Space may be the final frontier, but for Cisco it's also an untapped market. Rick Sanford, the company's exotically titled director of space initiatives, claims that the market around satellite communications, and their application to the defence industry, could be worth $1.4tn over the next ten years.
Head of the Global Defense and Space Group, a name that post-9/11 conjures up all sorts of images, Sanford claims space-based communications could be made a lot cheaper if the agencies involved adopted standards and technology from the terrestrial world.
Some of the immediate results of this push for reusability and cheaper components, he claims, could be cheaper satellite-based broadband services for those parts of the world, including rural areas of the UK, which will never receive terrestrial broadband access.
Cisco has already got a router in space, in a satellite built in conjunction with UK-based Surrey Satellite Technology.
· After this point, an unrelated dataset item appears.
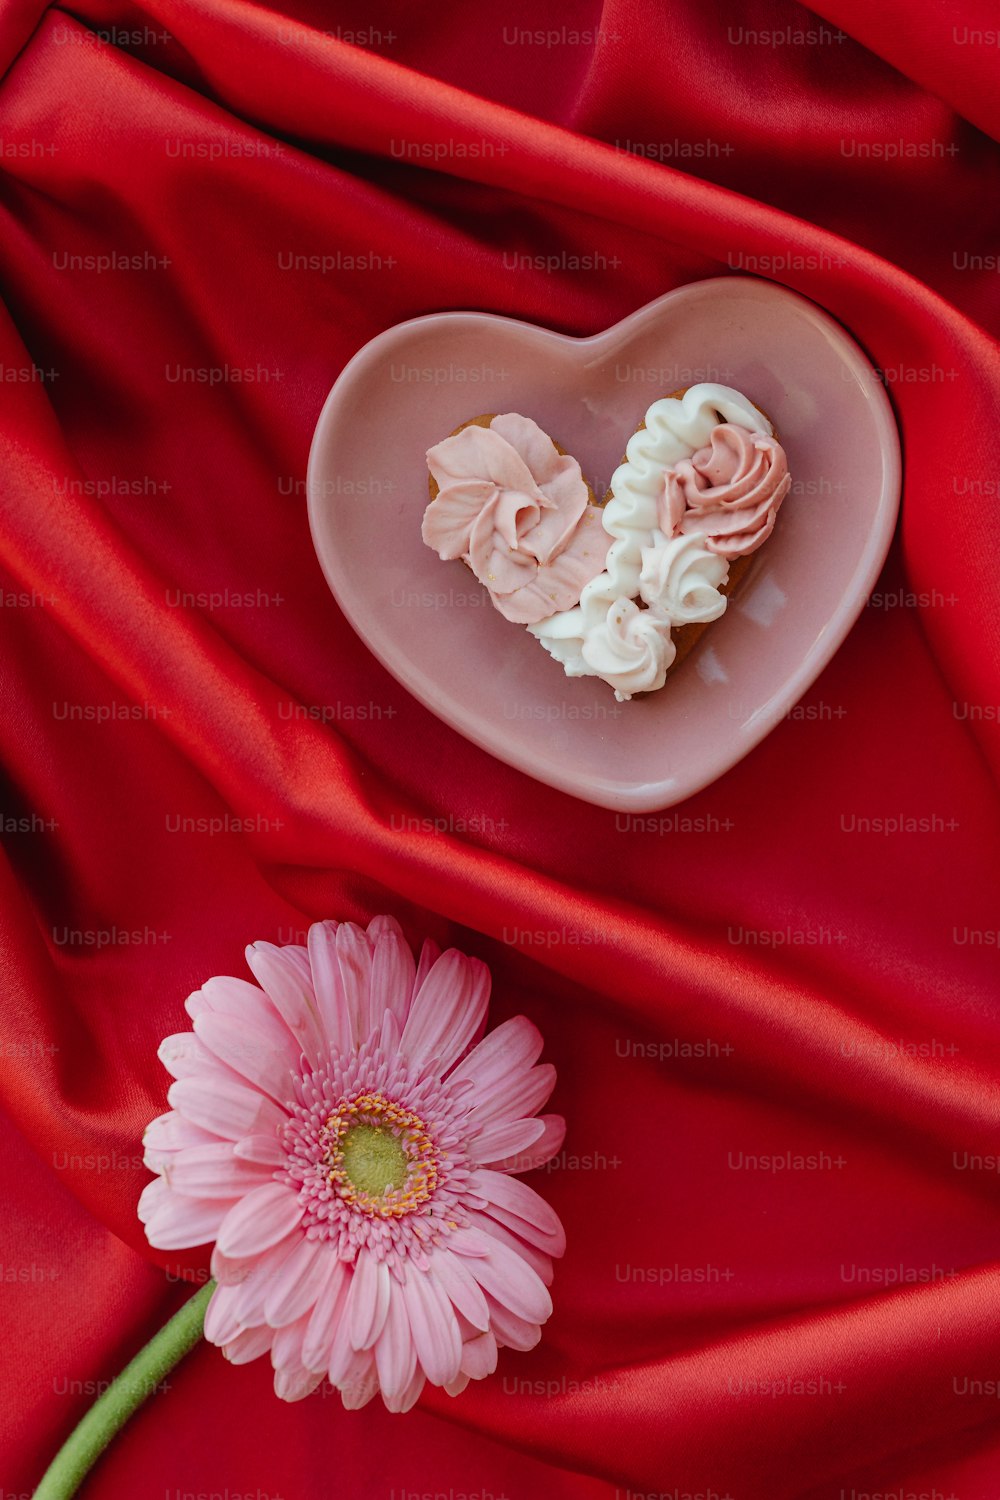 a pink flower and a heart shaped cookie on a red cloth

Successfully launched from Plesetsk in Russia last month, the satellite is part of a constellation of imaging and communications spacecraft built to aid emergency relief agencies: the Cisco router is part of a testbed for space-borne mobile IP applications.
ZDNet UK talked to Cisco's Rick Sanford about space networks.
So what does Cisco really think it can do to drive down the cost of satellite communications and space technologies in general?
The systems that are built for space are customised for each individual mission or satellite launch and the non-recurring mission costs are borne by that mission alone. When Company A builds a satellite they may use some of those elements in the next programme but if MoD UK awards the next programme to Company B, there is very little reuse of the technology. So what we have said is that if we look at the commercial telecommunications market and we look at going from proprietary protocols to those that have been ratified through the IEEE and the ITF, we see a dramatic reduction in cost and a significant increase in the interoperability of disparate systems. What we are attempting to do is apply this same model to space.
Can you give any real-life examples to illustrate all this?
That brings us round to the launch which represents our first chance to put our money where our mouth is. The Mobile Access Router 3251 is a 3.73 inch by 3.73 inch, commercially shipping router; you can buy it off our price list today. That was small enough and a power consumption of 10 watts, to be feasibly to be deployed on board the UKDMC satellite.